Tuesday, April 28, 2015

Global Television Studies as both necessary and impossible

In Shanti Kumar's chapter, "Is There Anything Called Global Television Studies?" he investigates the question of what exactly global television studies means. The first problem in answering this is that he's troubled by the language of globalization in general. The way in which globalization is discussed, while attempting to encourage diversity, often allows a kind of colonialism of thought where the louder (Western) voice coopts the conversation. (p. 137).

Further complicating the matter is the fact that global television studies hasn't been well defined as a field of study. (p. 138). To try to answer this question, Kumar posits another question, what are the uses of TV? At its best, it seems to encourage a kind of cross-demographic communication, but because of the challenges of language, as well as other cultural and socioeconomic forces, this use is dubious at best.

So Kumar then turns to a field of study that's been around a little longer.

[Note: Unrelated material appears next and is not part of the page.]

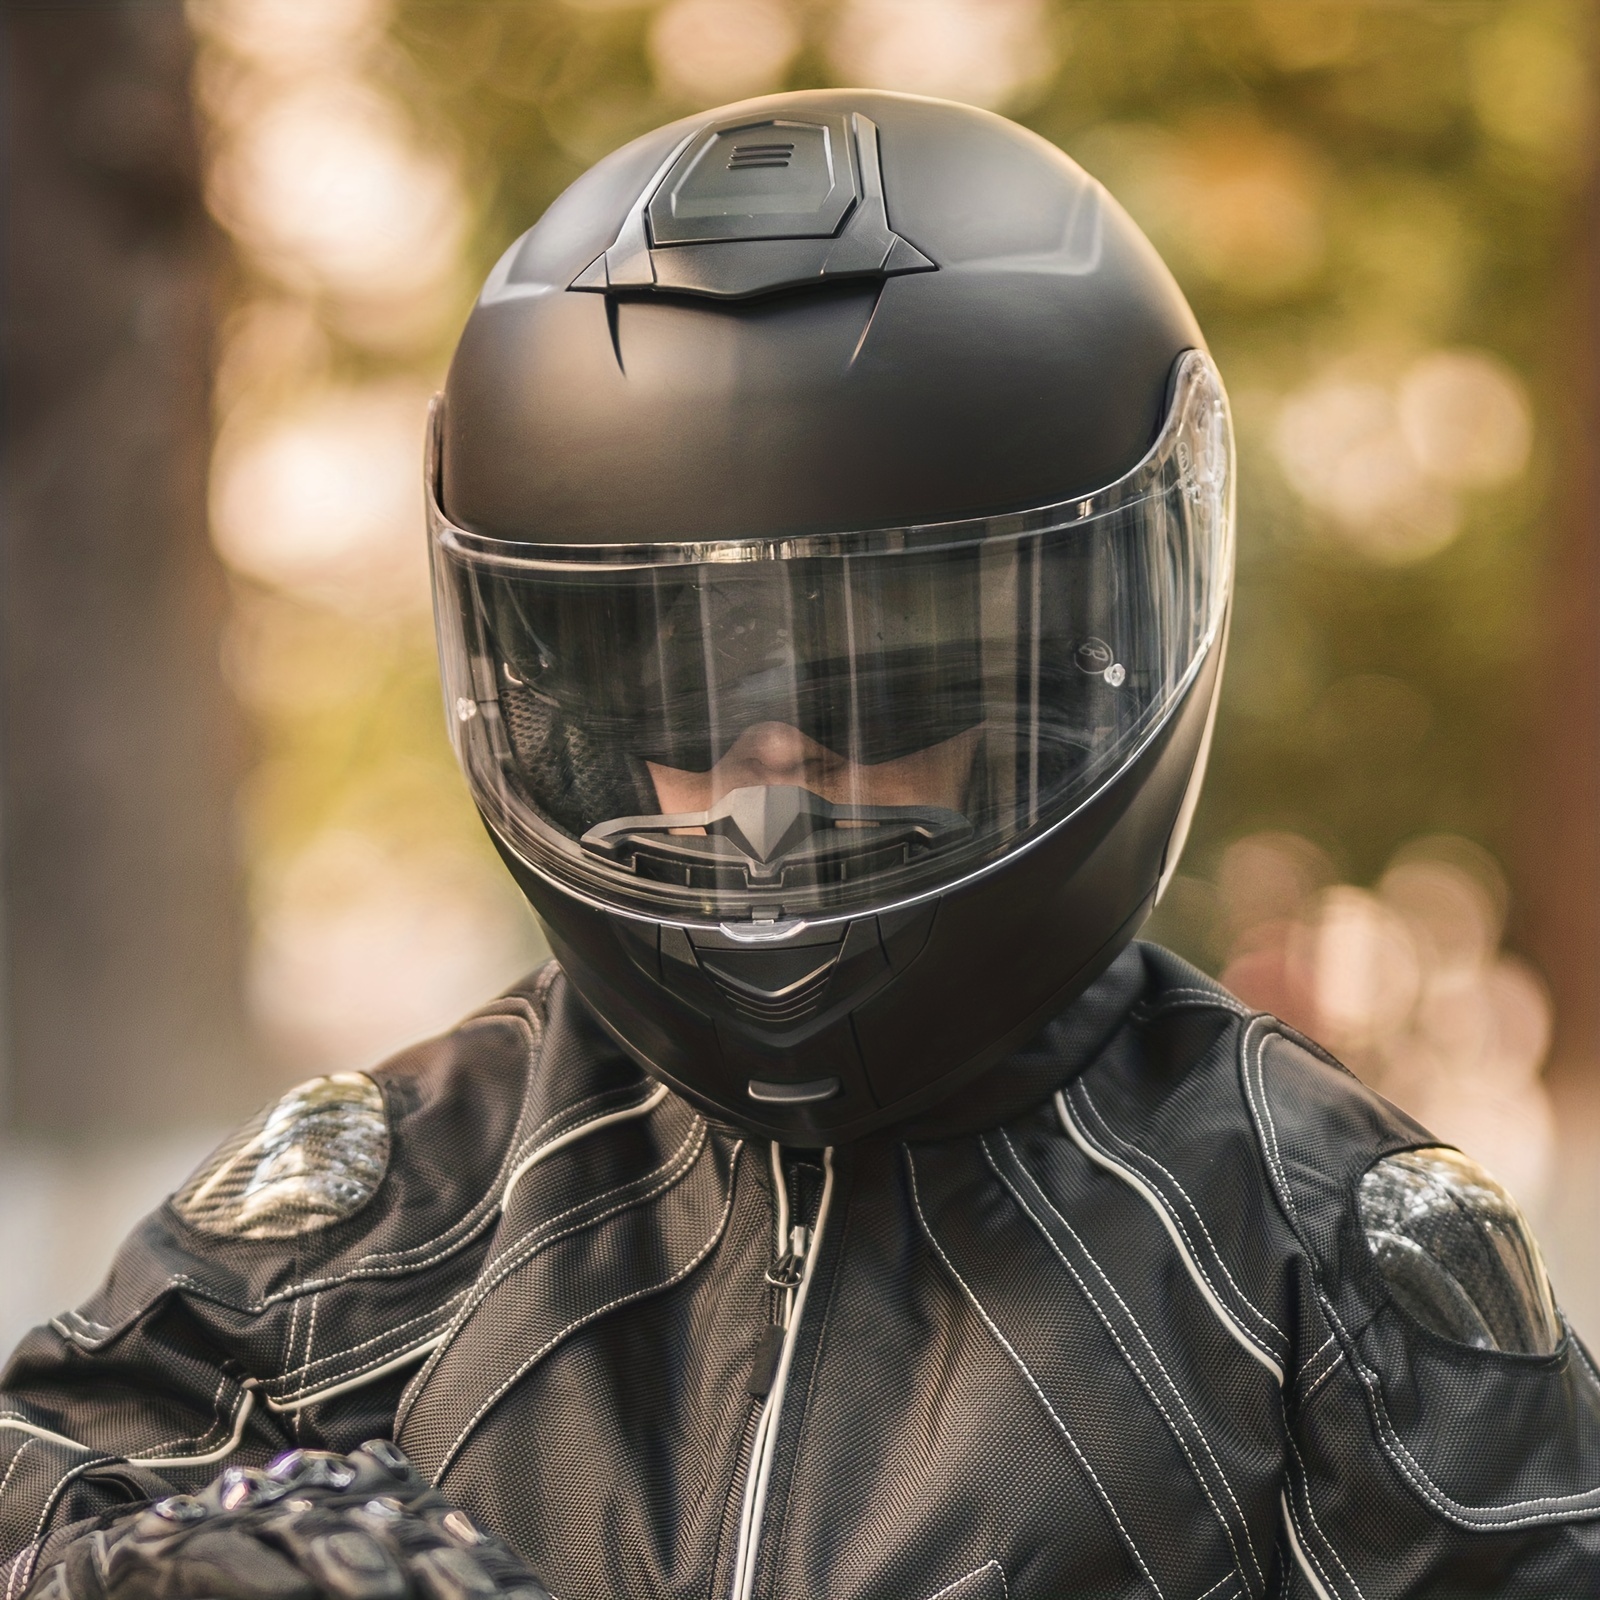  Cascos modulares de motocicleta para adultos, hombres y  mujeres, cascos de protección solar interior abatible de cara completa,  aprobados por DOT ECE para motocicleta, ciclomotor, calle, carreras, cascos,  motocross, negro brillante

What are "cultural studies?" He finds no more clear answers here and quotes Stuart Hall from the Centre for Conteporary Cultural Studies in Birmingham as saying no one knows exactly what cultural studies are. Who determines what is "cultural," what is other? (p. 141). Often cultural studies, and global TV studies uses a kind of "East meets West" philosophy, but in a way that plays by Western rules. Otherness is defined in contrast to a Western norm. (p. 145).

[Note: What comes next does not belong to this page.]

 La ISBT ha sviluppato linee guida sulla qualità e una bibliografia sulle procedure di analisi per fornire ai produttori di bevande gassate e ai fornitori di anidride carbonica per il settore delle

Kumar seems to find some comfort in the idea of discipline in an academic sense. Perhaps this is the path to understand such an all-encompassing phrase like global television studies, but he abandons this as well arguing that the discipline of TV studies is at once necessary and impossible. It's necessary in order to fight the universalizing tendencies of Western culture, but it's impossible because it will always be an unequal dialogue. (p. 151).

It's hard for me to get to the end of an essay like this and not want to see more of the discipline Kumar himself calls for. I don't need to study global TV until language itself breaks down, as he suggests. You can push any study to the point where language breaks down, but where does that leave us? Language and cultural context are limiting and insufficient, but they're the mediums we're stuck with. Perhaps a more specific and concrete lens to consider it through, like production studies, could lead us to a more fruitful understanding of global TV studies. The television showrunner system, for example, is almost exclusively a US phenomenon. The rest of the world creates television though the director/auteur theory of film. How do these differences influence the product, and how do they influence the way television is exported to other cultures?